▸ WHAT YOU WILL DO:
Print, with no pictures, the exact lines that run from the one containing "Topp Kvalitet For" through the last line of the material below, both ends included.

▸ DATA SHOWN:
────────────────────────────────────────
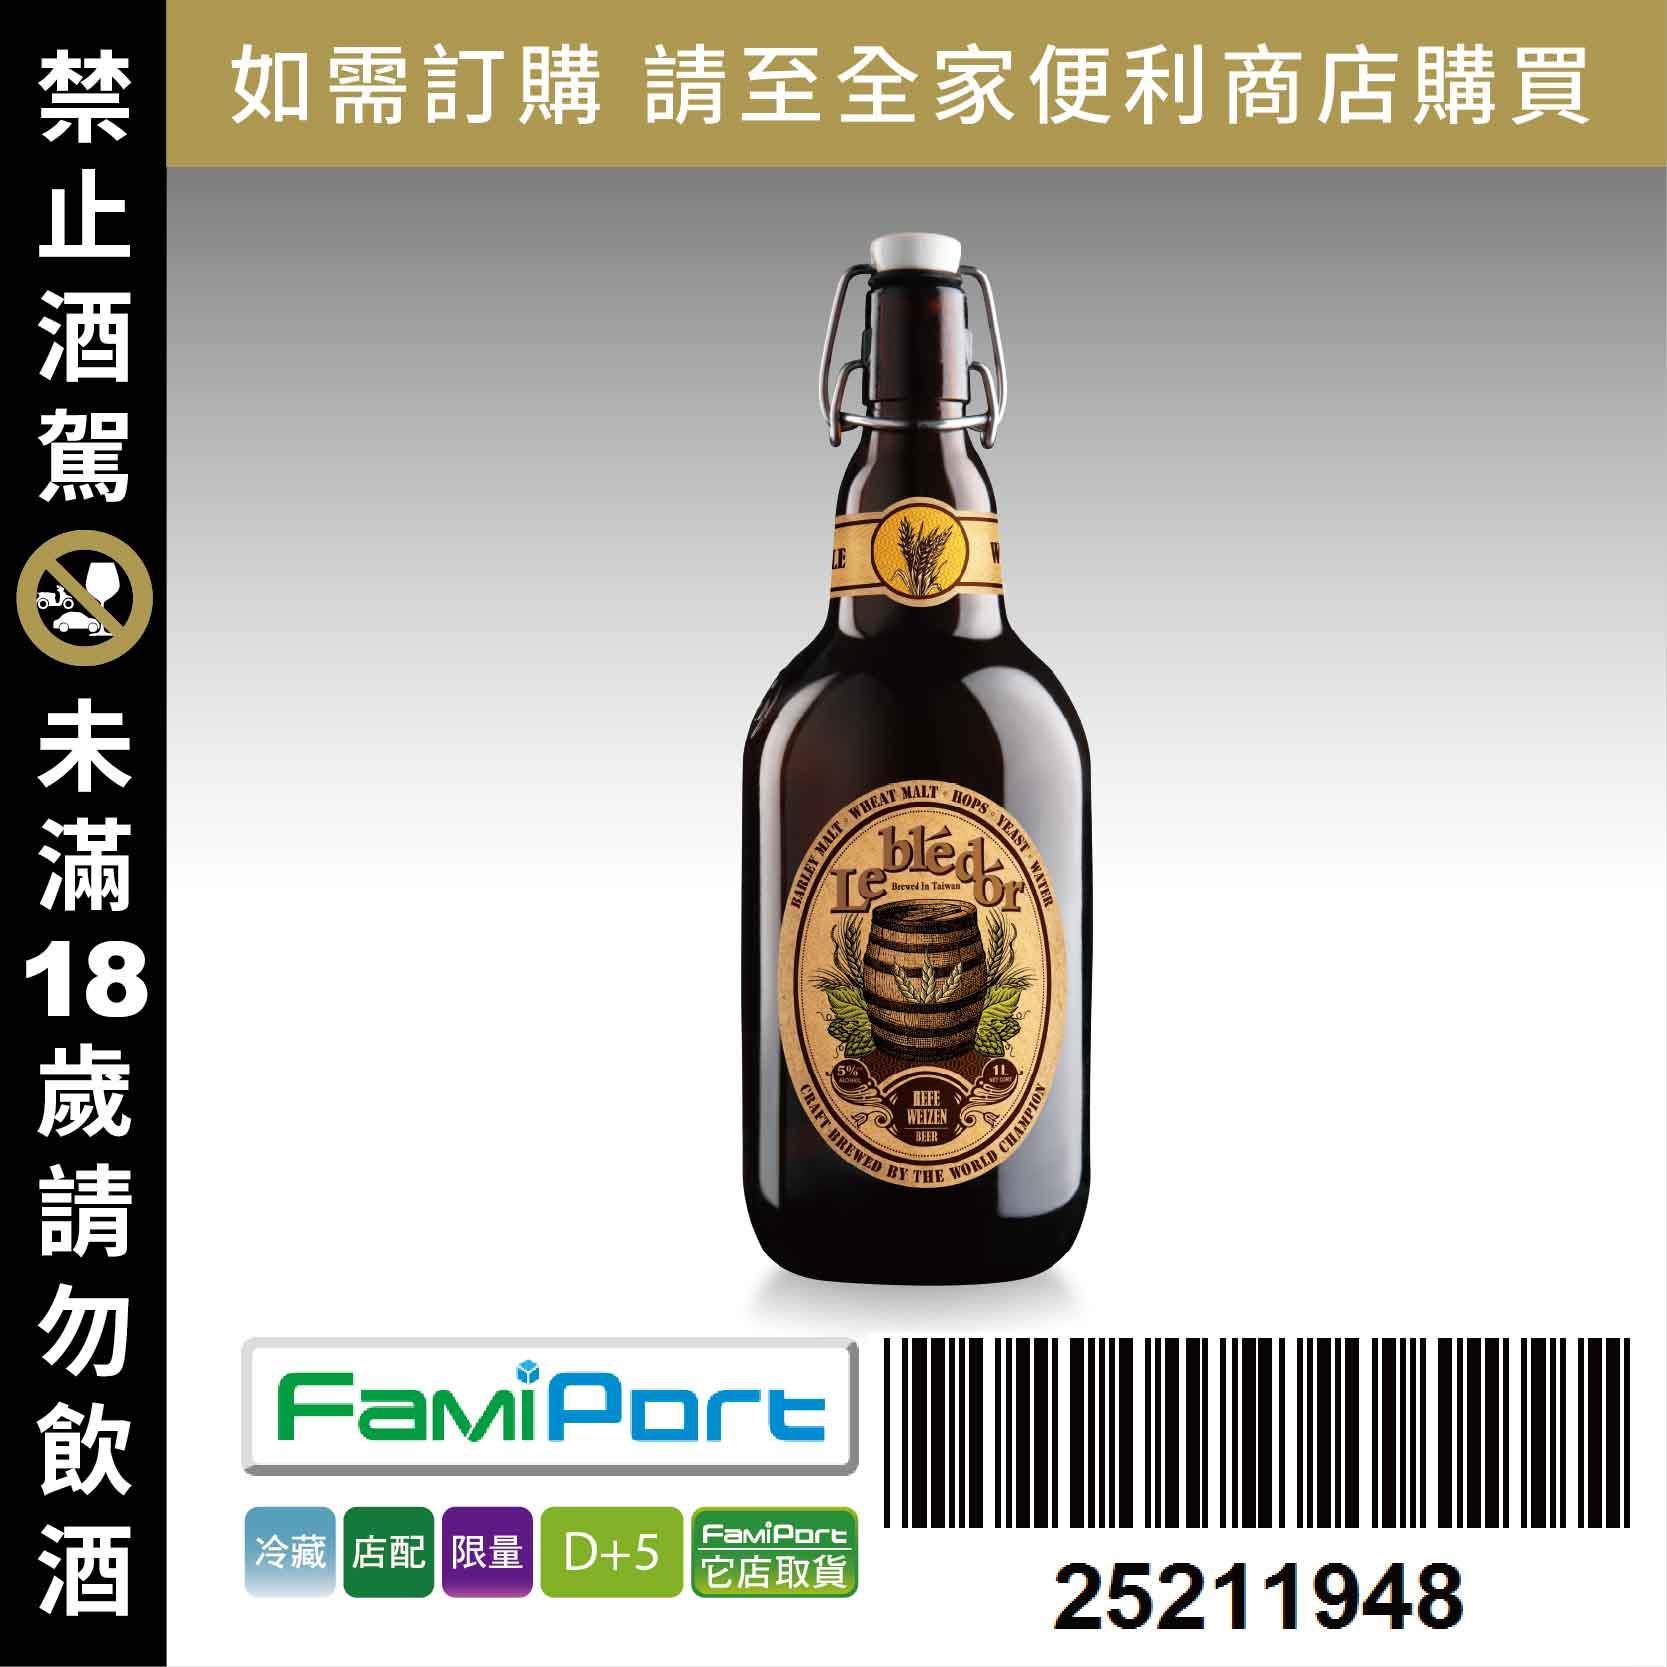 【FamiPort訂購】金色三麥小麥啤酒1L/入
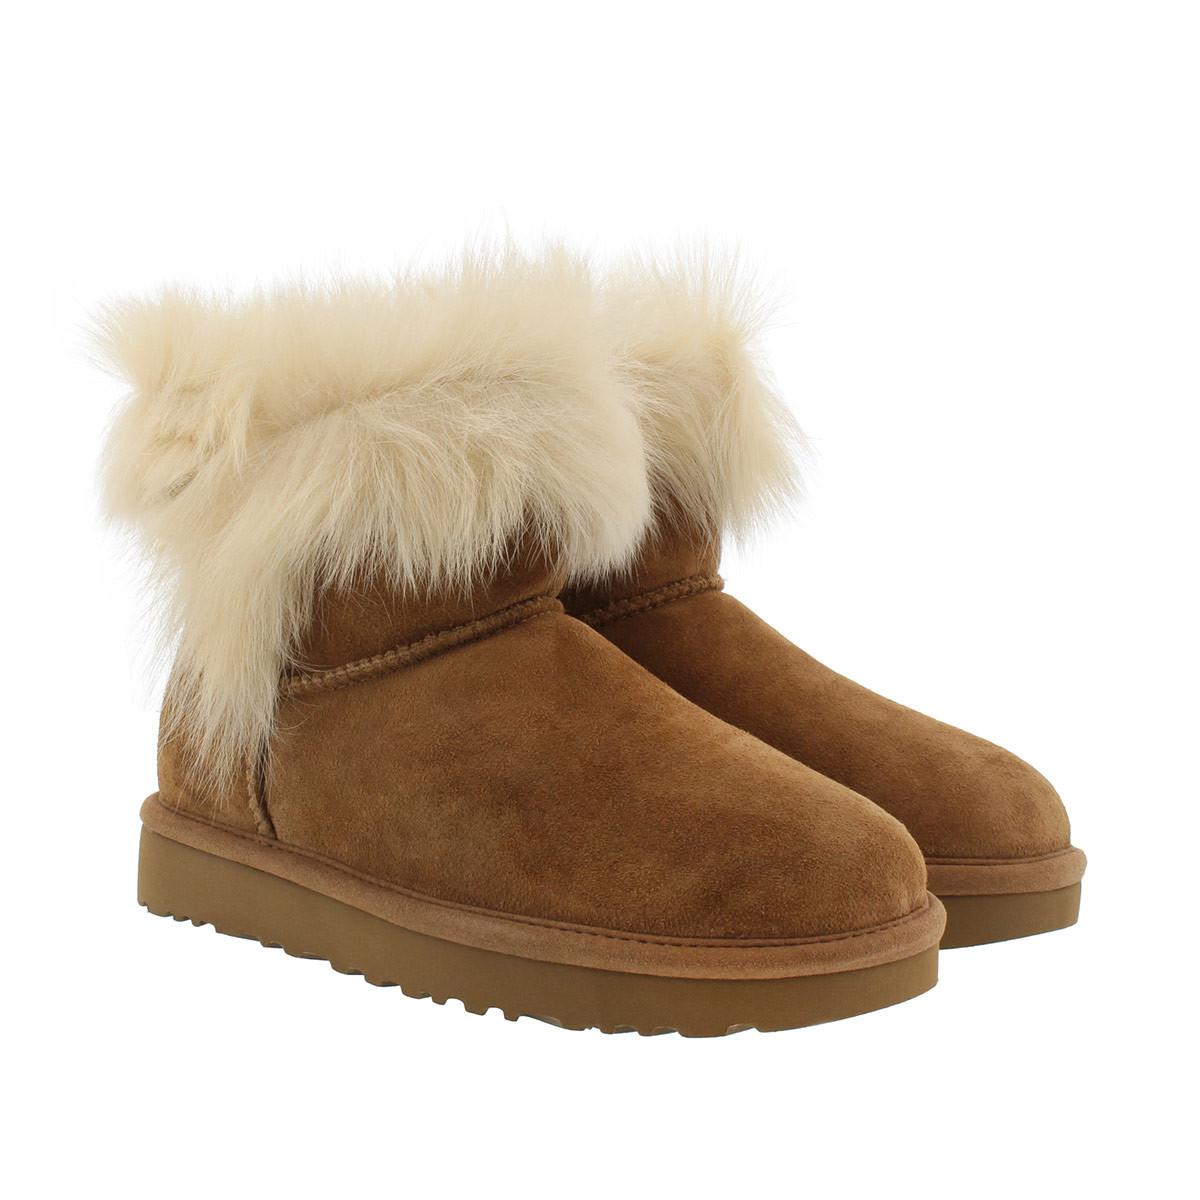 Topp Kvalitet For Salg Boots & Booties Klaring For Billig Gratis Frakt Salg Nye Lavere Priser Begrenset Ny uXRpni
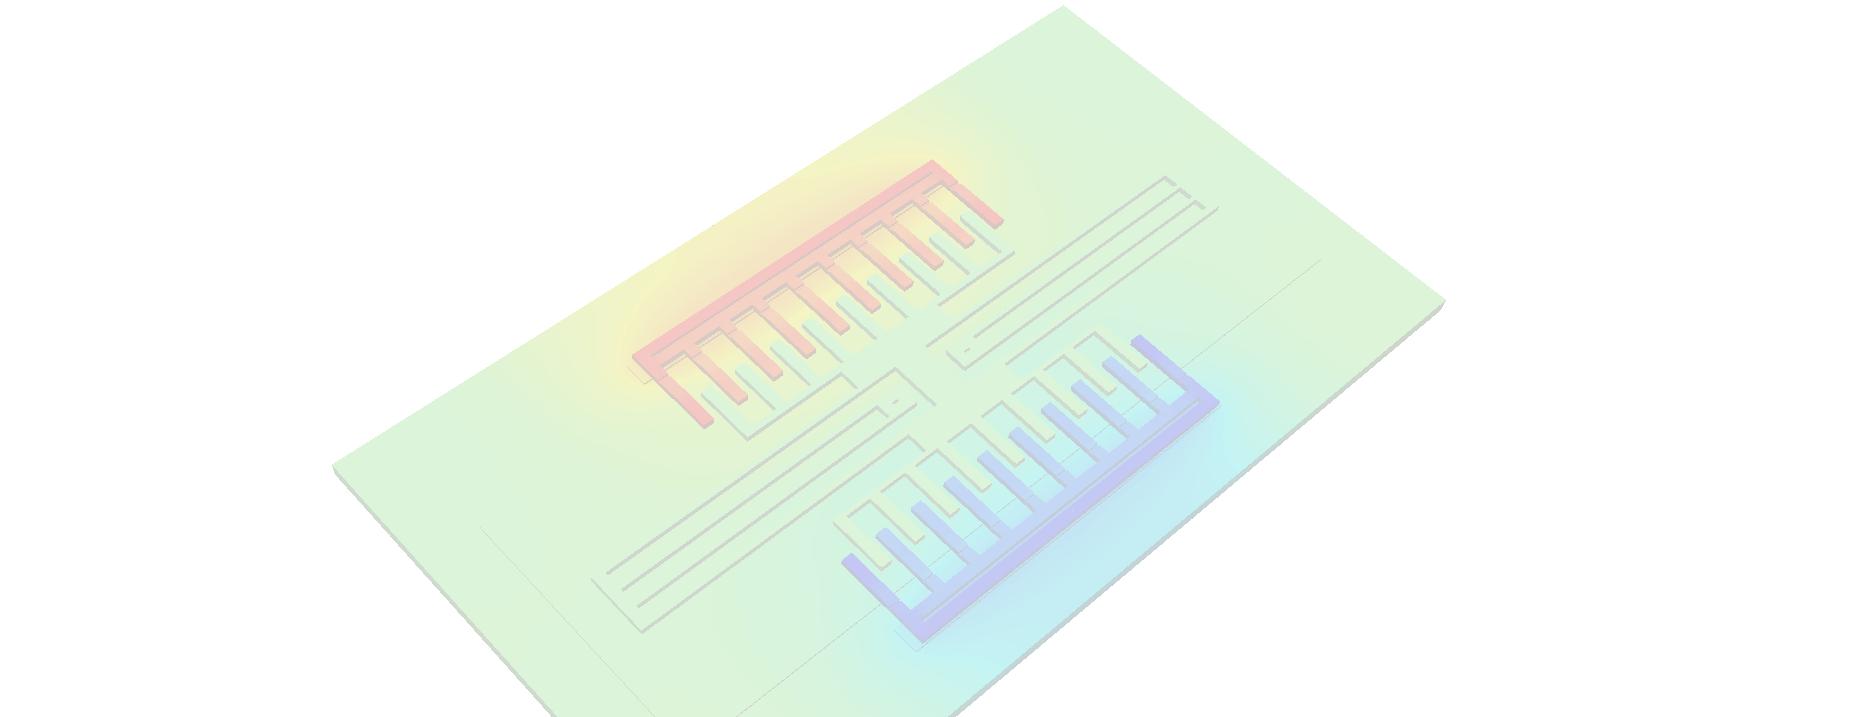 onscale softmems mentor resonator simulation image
────────────────────────────────────────
▸ ANSWER AREA:
 Topp Kvalitet For Salg Boots & Booties Klaring For Billig Gratis Frakt Salg Nye Lavere Priser Begrenset Ny uXRpni
 onscale softmems mentor resonator simulation image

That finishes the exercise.